Кира – теперь уже не Ладейкина, а Щеглова – своей новой жизни была рада; с мужем всё ладилось. Егор оказался мужик – золотые руки, и в их домике всё как-то моментально починилось, подправилось и устроилось.
Егор Степанович оказался истинный домосед, из дома никуда не торопился, компаний шумных не любил. Если куда и шёл – то только вместе с Кирой, но долго засиживаться не любил и совсем не выпивал, вызывая насмешки остального мужского населения.
Зато баба Маша написала: «Ну и молодец ты, Егор Степанович, что не пьёшь зелье это разбойничье. Никто и никогда от него добра не видал, а только горе горькое. И никогда радости от него не было, а только похмелье тяжёлое да больное. Уж как я рада, Егорушка, так и сказать нельзя. Вот так и дальше, дорогой: не пил – и не пей никогда. Мой-то муж тоже никогда её, проклятущую, в рот не брал – так и счастлива я была с ним, как с солнышком ясным. Потому и за Кирушку радуюсь, хочется и ей счастья. А что посмеиваются над тобой мужики, - так что же? Пусть себе. Зато они в хмельном угаре жизнь себе коротят, а ты – удлиняешь. Тебе ведь ещё дитя растить, Егор Степанович; так что ты теперь обязанный жизнь свою охранять».
Прочитал Егор письмо и удивился: Кира только вчера узнала про свою беременность, прибежала радостная и давай мужа обнимать-целовать! Откуда же бабе Маше уже известно?..
- Она всё знает, ты не удивляйся, - засмеялась Кира. – Она и про тебя, ни разу не видя и не слыша, мне всё предсказала.

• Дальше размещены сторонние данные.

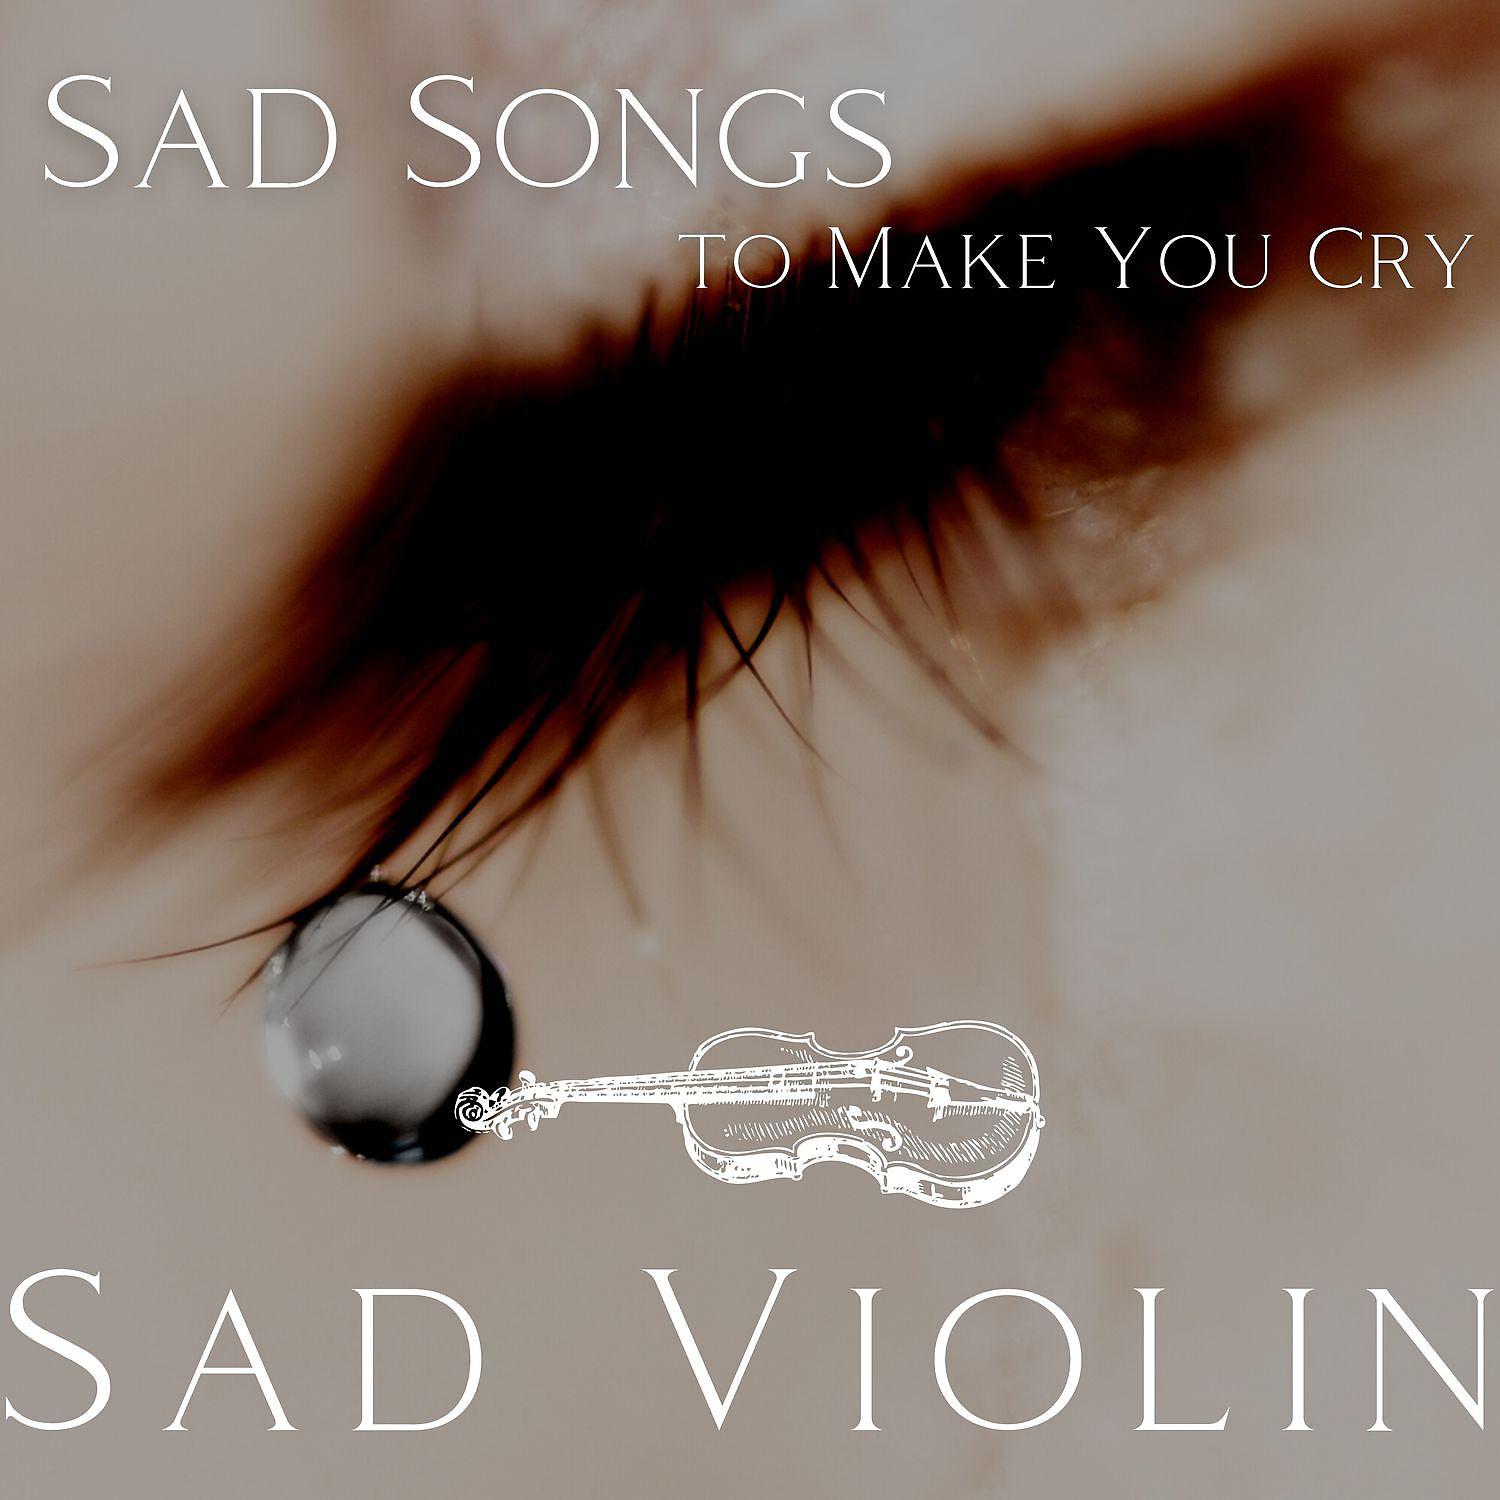 Sad violin meme. Sad Song скрипка. Sad Songs to Cry to Sad. Sad Violin (the meme one). Make you Cry.

Считай, что это она нас поженила!
Кира не чуяла ног от радости. Ведь она к докторше пошла просто посоветоваться. Почувствовала: что-то с ней не так. Что?..
А та – уложила на кресло, посмотрела и поразилась:
- Кира Андреевна, это невероятно!.. Я глазам своим не верю… У вас, кажется, ребёнок будет!
Она попросила Киру не уходить, побежала за коллегой. Та пришла и подтвердила: да, никаких сомнений. Кира мчалась домой и повторяла всю дорогу: ай да баба Маша! Ведь не поверила Кира ей, нет. Думала, утешает от доброты душевной. Всегда ей вот эта докторша-гинеколог говорила:
- К сожалению, вам придётся смириться, детей у вас быть не может. Ну разве что чудо…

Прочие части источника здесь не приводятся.